People with multiple sclerosis (MS) experience symptoms in multiple domains. High-quality patient-reported outcomes (PROs) that assess multiple domains can aid healthcare providers in assessing these symptoms and may support remote disease monitoring. The “SymptoMScreen” PRO correlates with other PROs in MS; however, whether the SymptoMScreen or its component domains are associated with performance-based or clinician-assessed outcomes is unknown.
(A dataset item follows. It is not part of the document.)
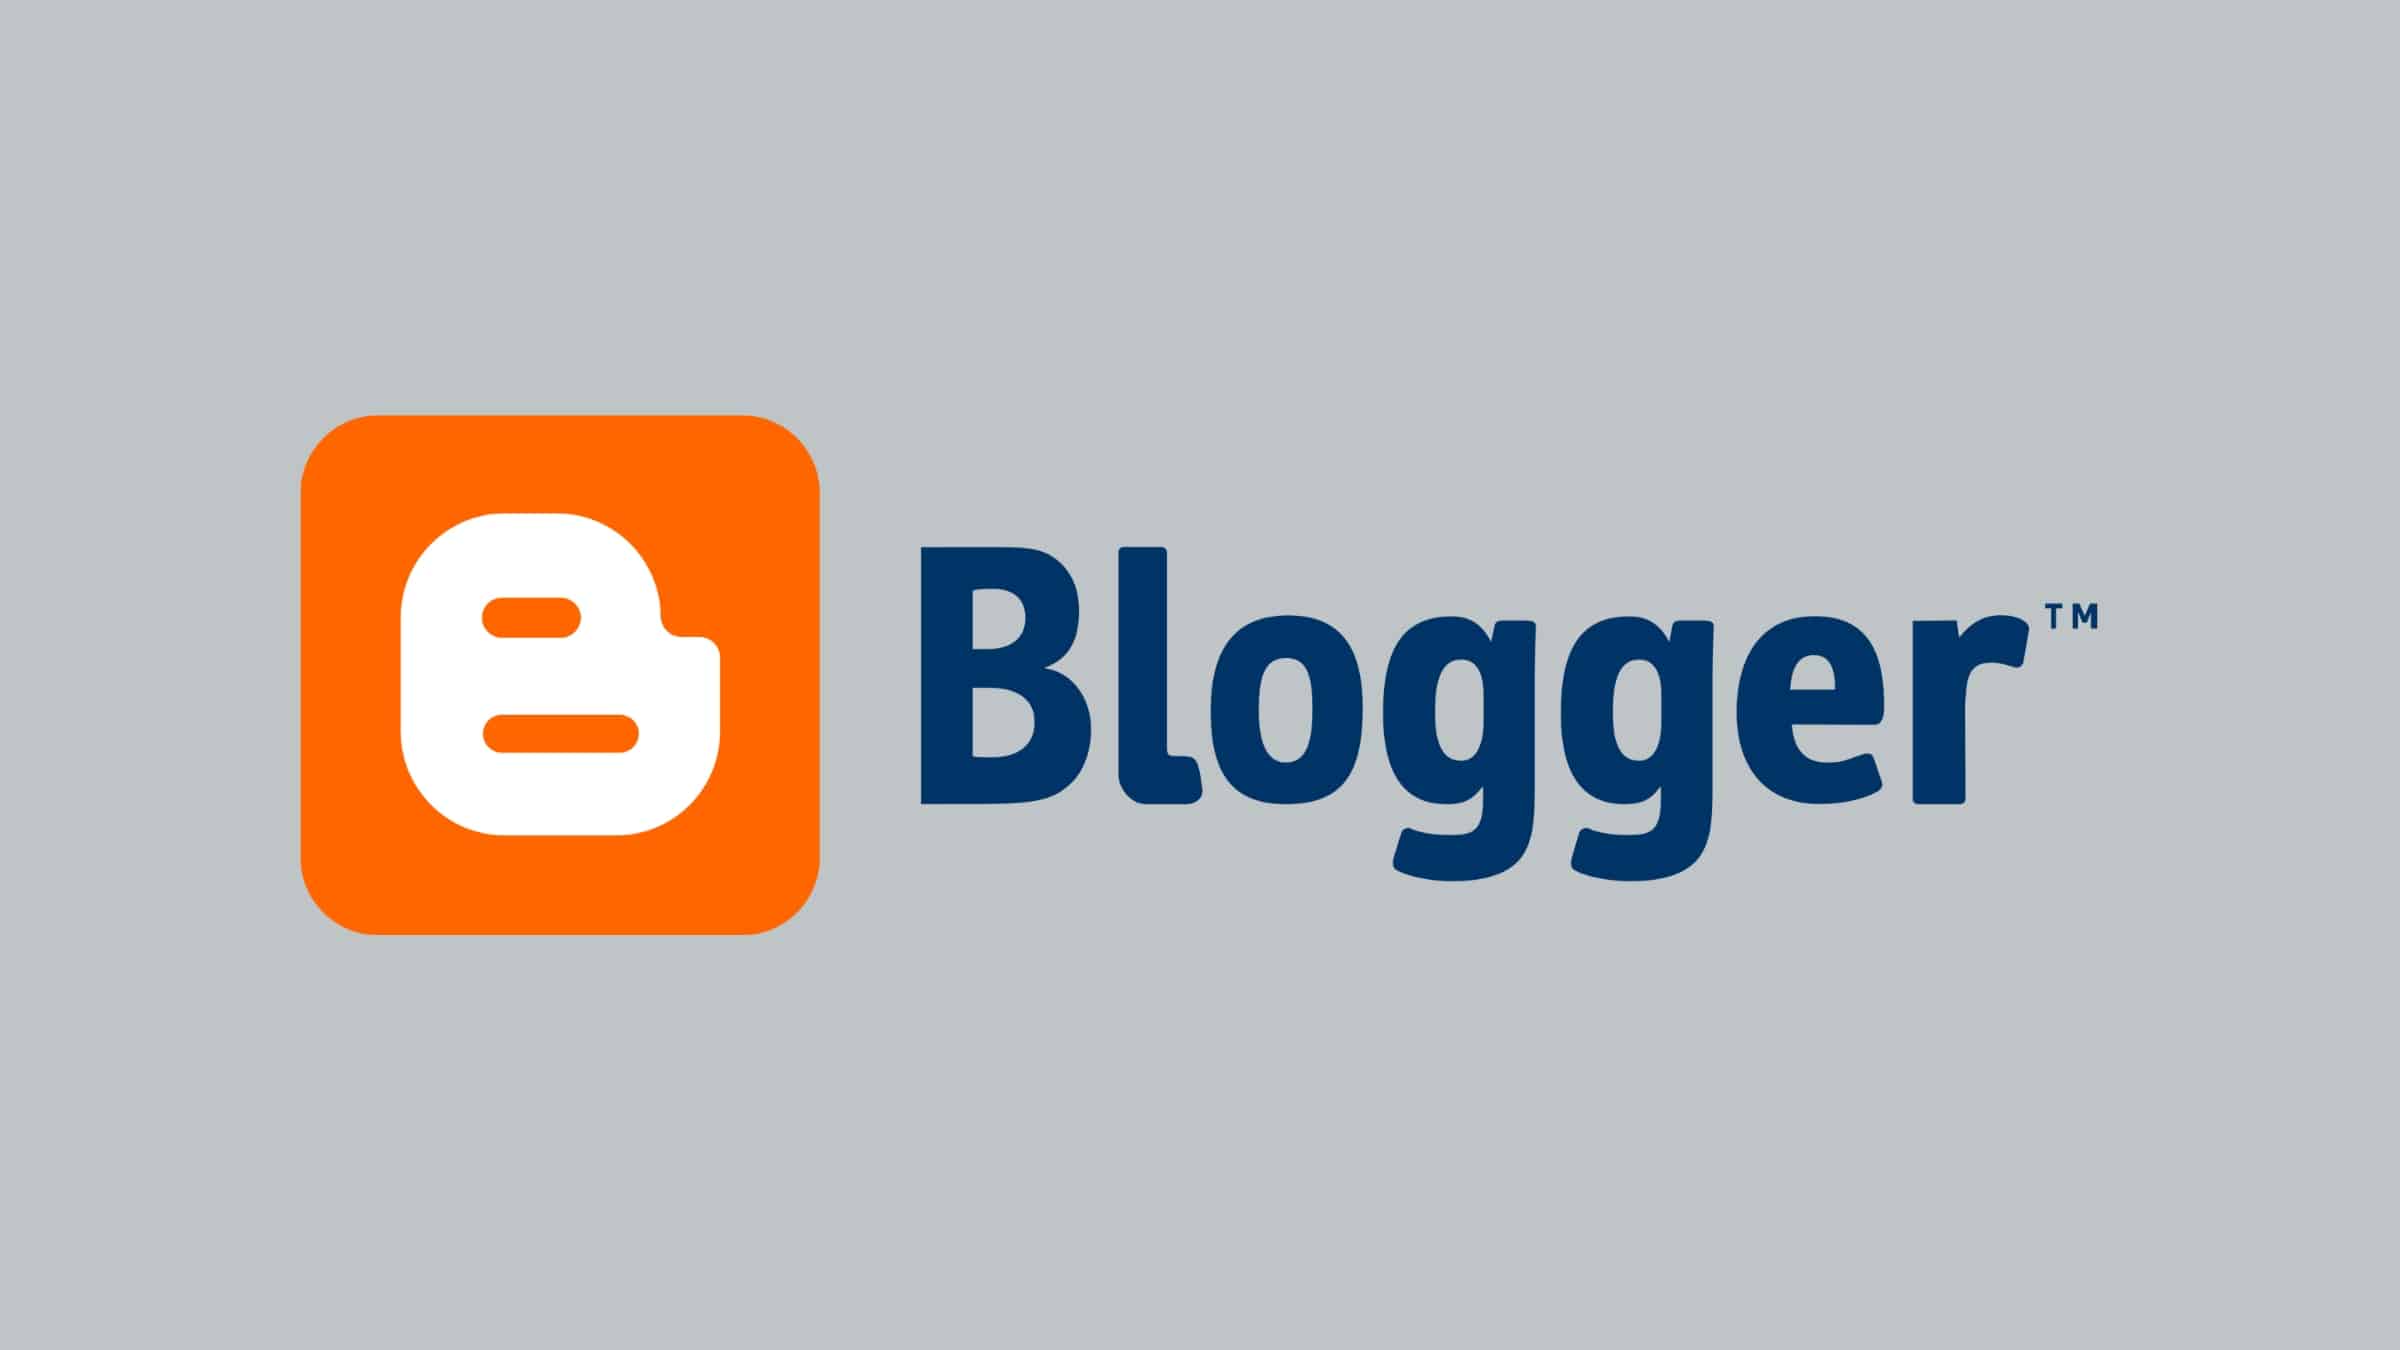 conheca-as-melhores-alternativas-gratuitas-e-de-codigo-aberto-para-o-blogger

Dr. Gary Cutter, professor in the department of biostatistics at the University of Alabama at Birmingham School of Public Health collaborated with a team of researchers from across the country to validate SymptoMScreen and its domains against performance-based, clinician-assessed measures or other well-validated diagnostic tools.
The research team recruited participants with MS from a large tertiary care center. At routine clinic visits participants completed the MS performance test (MSPT), which is an iPad-based application that objectively assesses walking speed, manual dexterity, processing speed, and low contrast letter acuity. Expanded Disability Status Scale (EDSS) scores were assessed in a subset. Participants also completed an online SymptoMScreen following clinic visits. They assessed criterion and construct validity by calculating Spearman rank correlations between the 12 SymptoMScreen domains and respective clinical outcomes. They evaluated test-retest reliability using intra-class correlation coefficients [ICC], and internal consistency reliability using Cronbach’s alpha.
The 102 participants were predominantly female (78 percent), of average age [standard deviation]: 47.6 [12.3] years, with an average disease duration: 13.1 [10.0] years); 60 participants completed the SymptoMScreen and EDSS. Composite SymptoMScreen scores were associated with EDSS (r = 0.71; 95 percent CI 0.54, 0.83). For individual domains, strong correlations were observed between mobility scores and walking speed (r = 0.63; 95 percent CI: 0.48, 0.75) and hand function scores with manual dexterity (r = 0.52; 95% CI: 0.36, 0.65). More moderate correlations were detected for the cognition domain with processing speed (r=-0.37; 95 percent CI: -0.53, -0.18) and for the visual function domain with low contrast letter acuity at 2.5 percent contrast (r=-0.33; 95 percent CI -0.54, -0.08). Both test-retest and internal consistency reliability measures for overall SymptoMScreen scores were high (ICC: 0.88; 95 percent CI: 0.80, 0.93; Cronbach’s alpha: 0.93; 95 percent CI: 0.90, 96).
The authors concluded that the SymptoMScreen is practical outcome measure whose subscales may provide a valid assessment of corresponding performance-based and clinician-assessed measures among people with MS with mild-to-moderate disability.